Reintjes ist Gründungsmitglied des Braunschweiger Vereins „Friends For Life“. „Alle Kosten tragen wir selbst“, sagt Reintjes, „die Spenden, die wir sammeln, gehen zu 100 Prozent an soziale Zwecke.“
Ganz vorn steht da das Waisenhaus von Greer Brewer in Südafrika. „Das erste Baby hat sie im Straßengraben gefunden“, erzählt Reintjes noch immer tief bewegt. „Eine unerhört couragierte Frau, ein unglaubliches Projekt“, ist der Extremsportler beeindruckt, „wir sammeln gern und intensiv dafür. Und jeder Cent kommt an“.
Vielleicht dient der soziale Zweck ja auch ein wenig als Deckmantel, um den Irrsinn des Extremsports überhaupt erklären zu können? „Na ja“, räumt der Mediziner ein, „nicht alle in meiner Umgebung sind immer nur begeistert von meiner Leidenschaft.“ So musste er seiner Frau versprechen, nicht mehr als einen längeren Etappenlauf im Jahr zu machen; und die achtjährige Tochter zieht lieber Ballett- als Laufschuhe an. „Das Familienleben geht vor“, versichert der Arzt. Wenn also gerade keine Tour ansteht, macht er „nur“ sein normales Training, so rund 80 Kilometer in der Woche – Minimum. In der Vorbereitungszeit wird das gern verdoppelt.
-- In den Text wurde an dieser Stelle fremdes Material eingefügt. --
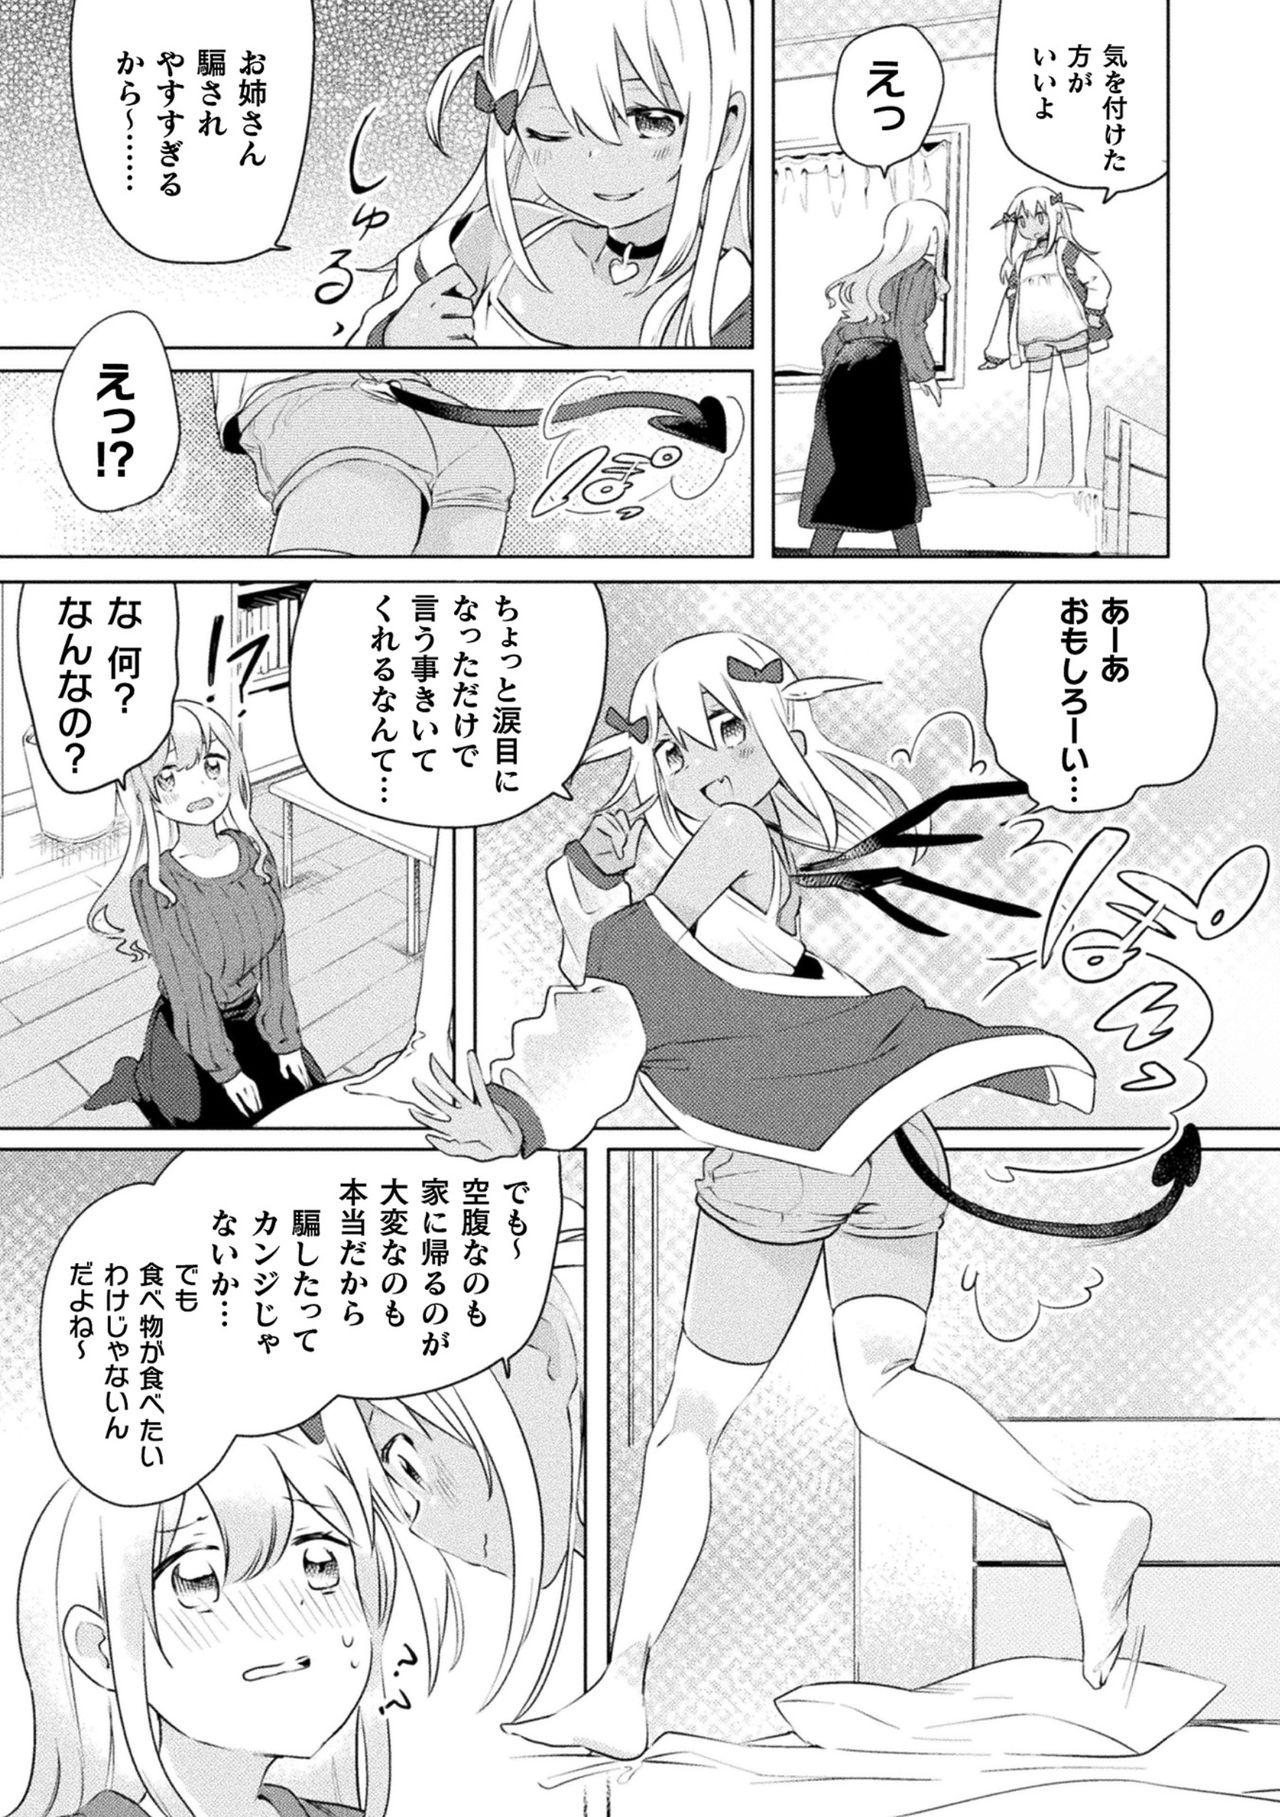 2D Comic Magazine Mesugaki vs Yasashii Onee-san Vol. 1 52

Frank Reintjes hat Fotos herausgesucht – winzig kleine Läufer in riesigen Weiten vor atemberaubenden Kulissen. Seine Augen leuchten, wenn er von sternenklaren Nächten in unberührter Natur erzählt. Aber er zeigt auch Fotos von blutenden Fersen, zerschundenen Füßen, schmerzverzerrten Gesichtern.

Kraft für den Alltag

„Daraus wächst eine Grundzuversicht“, fasst Frank Reintjes den Zauber des Extremsports zusammen. „Es gibt tiefe Täler, in denen du nicht weißt, woher du die Kraft für den nächsten Schritt nehmen sollst, aber du weißt, wenn du durchhältst, wird es besser. Du bist einfach nicht mehr so verzweifelt. Und diese Grundzuversicht gibt extrem viel Kraft auch im Alltag“.